The medical files of 1717 patients (68% male) were reviewed. The mean AHI was 43.1 +/− 27.7 with 57.3% of patients suffering from severe OSA, and 52% from at least one cardiovascular comorbidity (CVCo). Diabetes affected 22% of the patients and 27% exhibited dyslipidemia. Patients affected by CVCos were older, and more often women and non-smokers. These patients also had worse sleep quality, and a more marked intermittent/global nocturnal hypoxemia. With regard to diabetes, diabetics were older, more often non-smoker, non-drinker women, and were more obese. These patients also exhibited more severe OSA, especially in non-REM (NREM) sleep, worse sleep quality, and a more marked intermittent/global nocturnal hypoxemia. Dyslipidemia was more frequent in the absence of alcohol consumption, and was associated with OSA severity, decreased sleep quality, and longer AH in REM sleep.


This study identifies demographic and polysomnographic factors associated with cardiometabolic comorbidities. Patients (especially women) suffering from more severe OSA, longer sleep apneas and hypopneas, worse sleep quality, and marked intermittent/global nocturnal hypoxemia are more likely to develop cardiometabolic comorbidities. This should stimulate clinicians to obtain adequate treatment in this population.


Obstructive sleep apnea (OSA) syndrome is a common medical problem. The prevalence of the disorder is increasing and is related to its main causal factors, namely obesity and aging [1]. OSA is now recognized as an independent risk factor for hypertension, arrhythmia, coronary heart disease, and stroke [2,3,4]. Metabolic disorders (diabetes, impaired lipid metabolism) are also associated with OSA [5, 6].

Despite these associations, the clinical picture of OSA is not homogeneous and can differ widely among patients. In the last decade, a variety of clinical phenotypes have been identified, highlighting clusters with different symptomologies and morbidities in patients affected by the “same” OSA [7]. Response to treatment is also impacted by these clinical phenotypes. For example, Gagnadoux et al. showed that clusters defined as “female OSA”, “mildly symptomatic OSA”, and “comorbid OSA” were less likely to use continuous positive airway pressure (CPAP) successfully [8].

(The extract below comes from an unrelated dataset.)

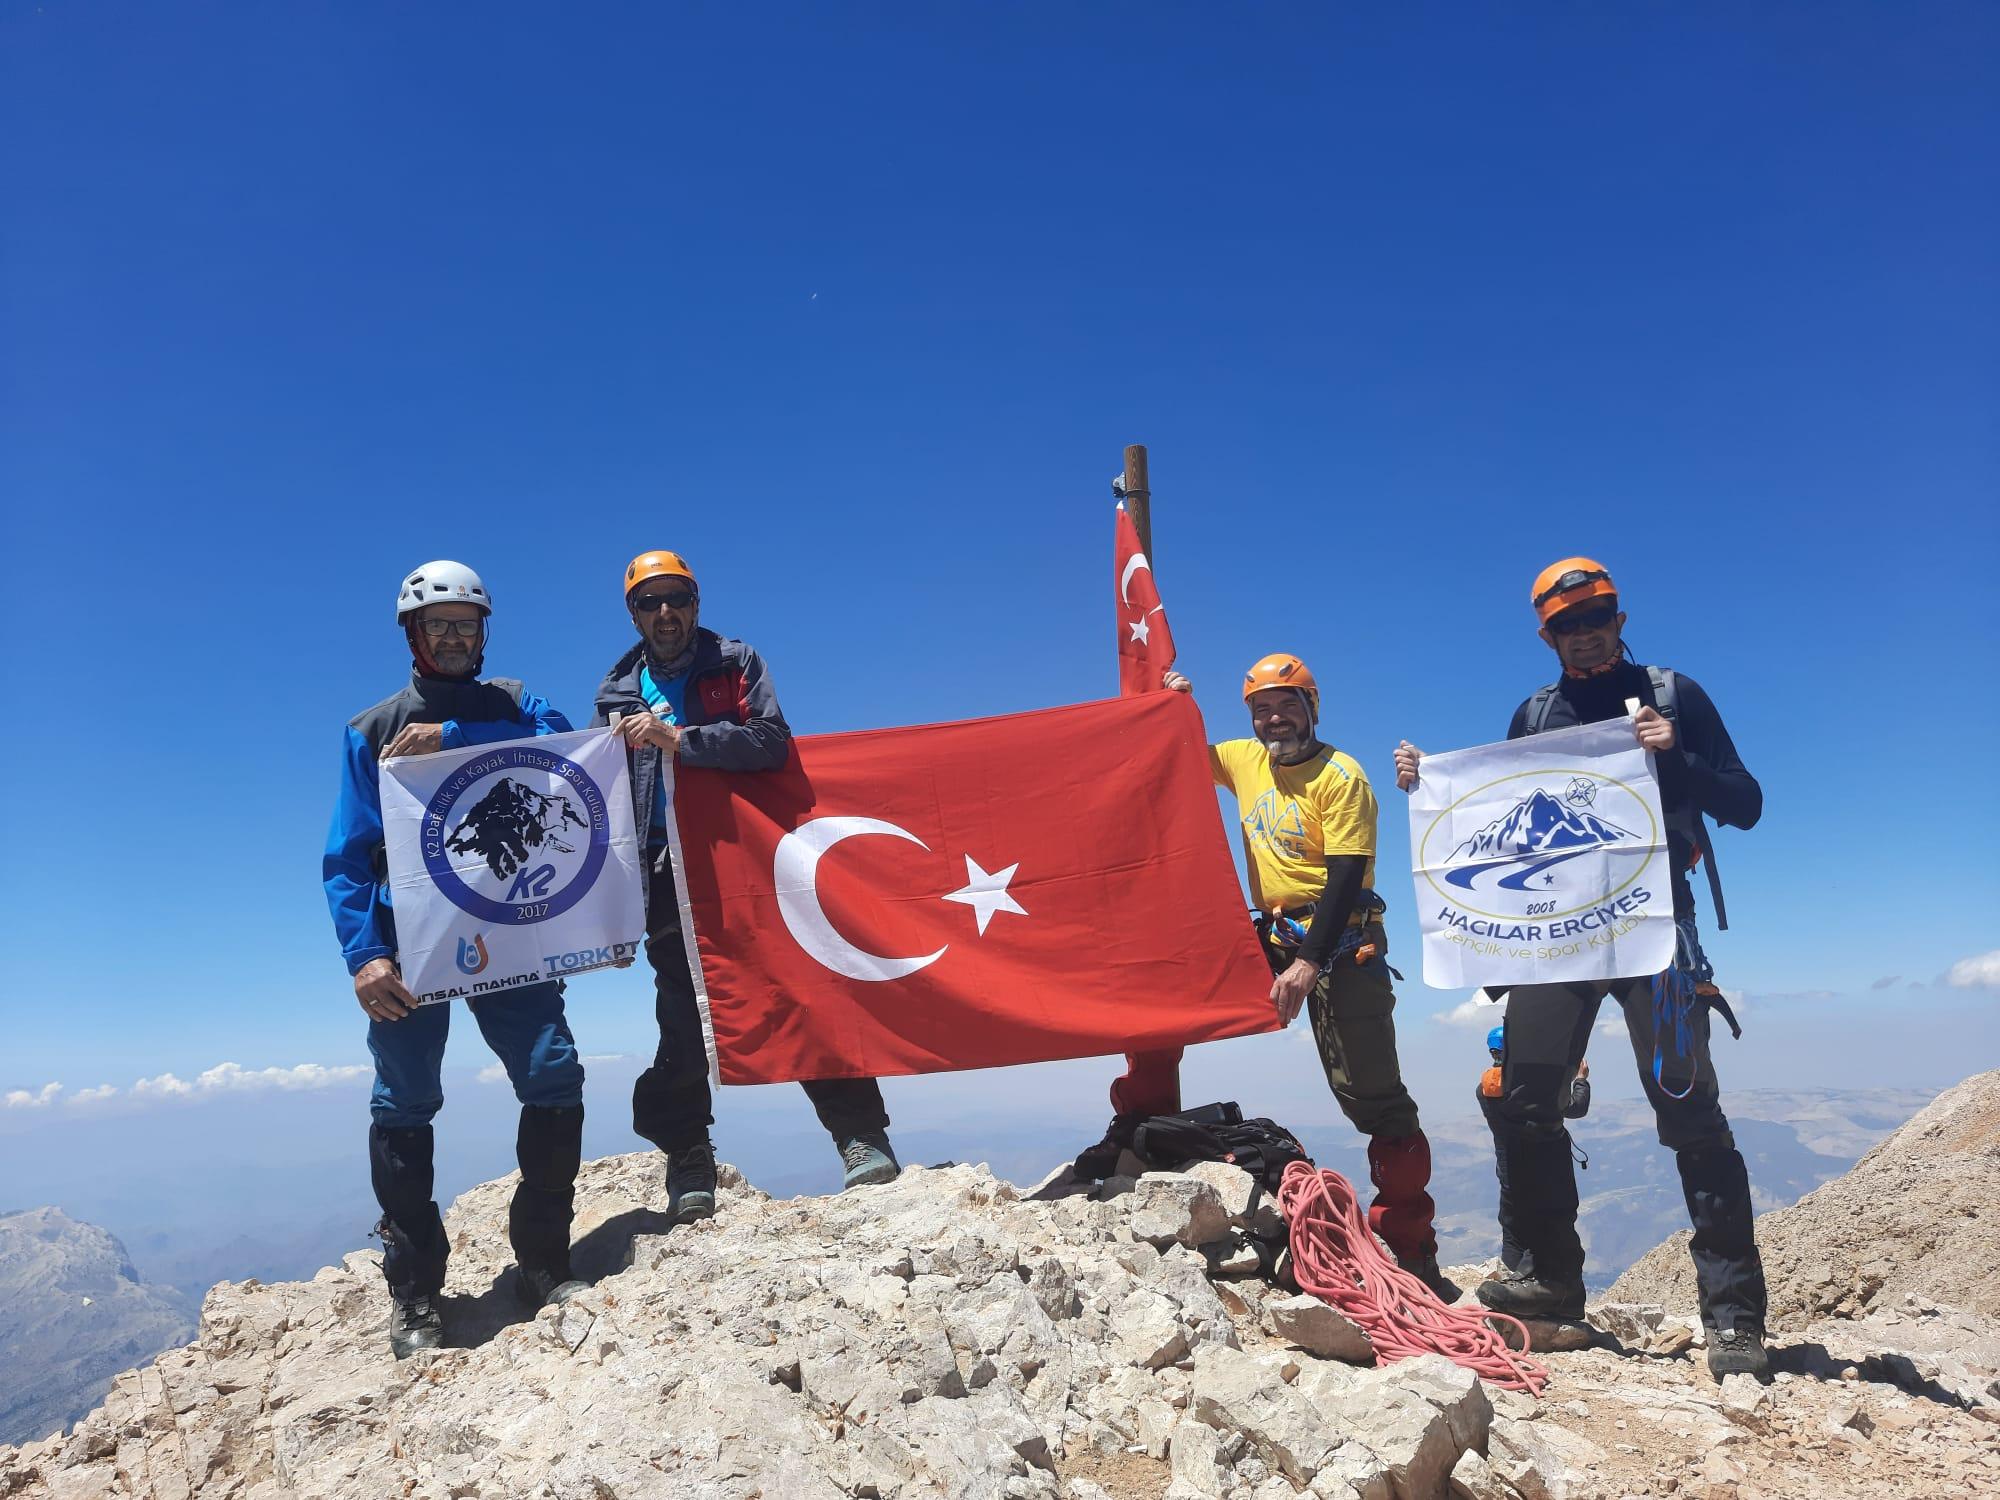 K2 Spor Kulübü Aladağlar Büyük Demirkazık zirve tırmanışını gerçekleştirdi.

In clinical practice, apnea-hypopnea index (AHI) is still the marker used to classify disease severity and guide treatment, but it is a limited marker that doesn’t sufficiently describe the clinical picture of OSA. For example, among patients with the same AHI, some exhibit long apneas with profound oxygen desaturation, and others very short apneas without significant associated hypoxia. These differences can potentially lead to several clinical OSA phenotypes that should maybe not be managed similarly.

With this in mind, the aim of this retrospective study was to identify whether some particular polysomnographic parameters (e.g. apnea-hypopnea duration, sleep structure, nocturnal hypoxemia) are specifically associated with cardiometabolic comorbidities in OSA patients.


This study was performed in the sleep unit of the Saint-Pierre University Hospital in Brussels, Belgium (tertiary referral center).

Study design

The study was retrospective, based on prospectively collected data in our sleep lab. All naïve patients suffering from moderate-to-severe sleep apnea syndrome (apnea-hypopnea index (AHI) ≥ 15/h of sleep) diagnosed by one single attended polysomnography (PSG) between 01/01/2013 and 12/31/2017 were included.

Data for medical history, treatments, and polysomnographic characteristics were extracted from patient medical files.

Polysomnographies were all performed with the same polysomnographic device in the sleep laboratory of CHU St. Pierre (Brainnet3 IP, Medatec, Belgium).

Data collection

Age, sex, body mass index (BMI), neck circumference (NC), and alcohol and tobacco use were collected.

Medical files were analyzed in order to collect data on comorbidities (e.g. arterial hypertension (HTA), diabetes, atrial fibrillation). Congestive heart failure was defined by a left ventricular ejection fraction below 35%. PSG was scored according to American Academy of Sleep Medicine 2012 scoring rules [9] and reviewed in order to collect, for all patients, AHI (global, supine/non supine, rapid eye movement (REM) sleep), mean sleep apnea/hypopnea (AH) duration (according to sleep stage), total sleep time (TST), sleep efficiency (SE), sleep stage proportions, periodic leg movements (PLM), oxygen desaturation index (ODI), total duration of oxygen desaturation < 90%, arousal index (ARI), minimal oxygen (02) saturation, and mean nocturnal heart rhythm (HR).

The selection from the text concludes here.